Abusive and off topic as usual. Temper temper.
Show me other portable graphics programs running under CP/M and
another operating system. I have used, as I said, DR Graph and DR Draw
under CP/M 2.2, CP/M Plus, CP/M-86, and MS-DOS. If this is not enough
for you, then what have you been doing, those last 25 years, to remedy
this sorry situation?
You really don't want to go there. While stuff for CP/M2.2 did work
on higher systems with recompiliation at the source level and the
stuff at the application level is portable to the limits of the lowest
common denominator. All you have said is that something like a
script for Multiplan, DBase will run on later version regardless of
of the OS. However the basic script aquires no added abilities
as it was written for the lowest usually the 8bit version. Then
again I can still run CP/M-80 on my Macbook side by side with dos
3.11, handy but really does prove nothing about portability.

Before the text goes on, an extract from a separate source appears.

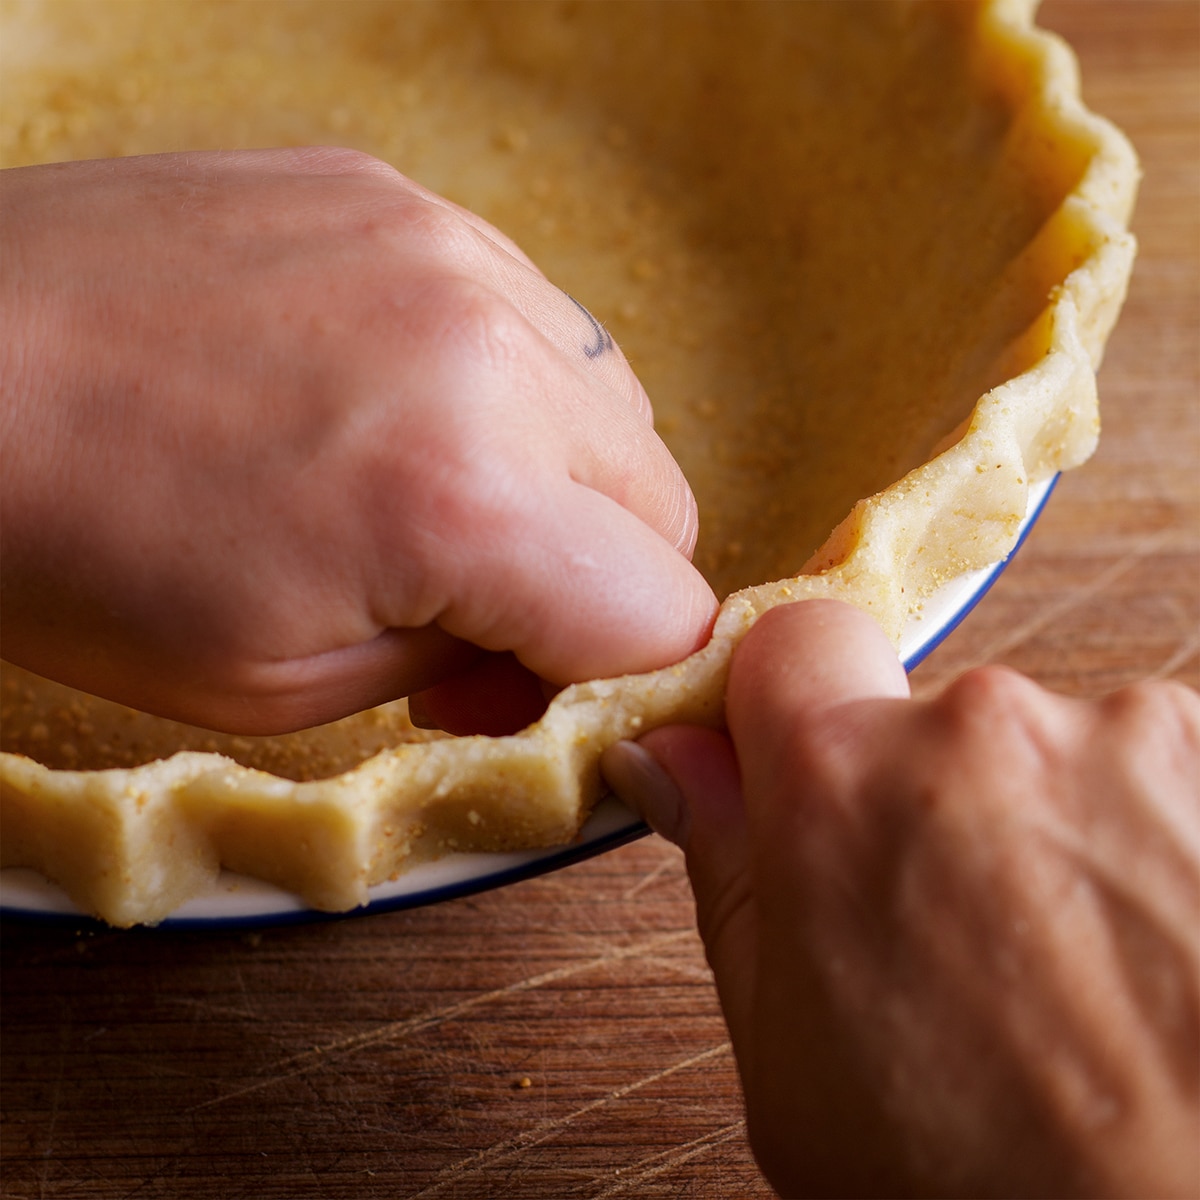 Someone using their fingers to crimp the edges of a pie crust inside a pie plate.

By and by if you reread, you will find I never said is wasn't enough
for me or anything close to that. I find it very adequate for my
purposes. However my comment is based on something more
substantial. To most here the WCcdrom has the single most
comprehensive list of all the applications and programs for CP/M
in one place. Of that supposed 19,000 programs how many
are graphic? I'd posit that if there are 200 I've double counted.
Useful, yes, groundbreaking possibly but, not a lot of programs.
No DRI didn't. DRI never sold a graphics card or a complete system.
They implmented the OS, the graphics layers and a lot of applications
and a sample bios that was machine specific. So the task that has to
be done yet again is to finsish the task that DRI started. The is the
code often known as CBIOS or simplified to BIOS.
I have difficulties understanding your "sold a graphics card or a
complete system". DRI was producing CP/M, an operating system, and
various utilities (MAC, SID, TEX, SPOOL, sold separately). Why should
they have had to sell computers or complete systems? What is a
complete system, especially with the S-100 Bus, which is modular?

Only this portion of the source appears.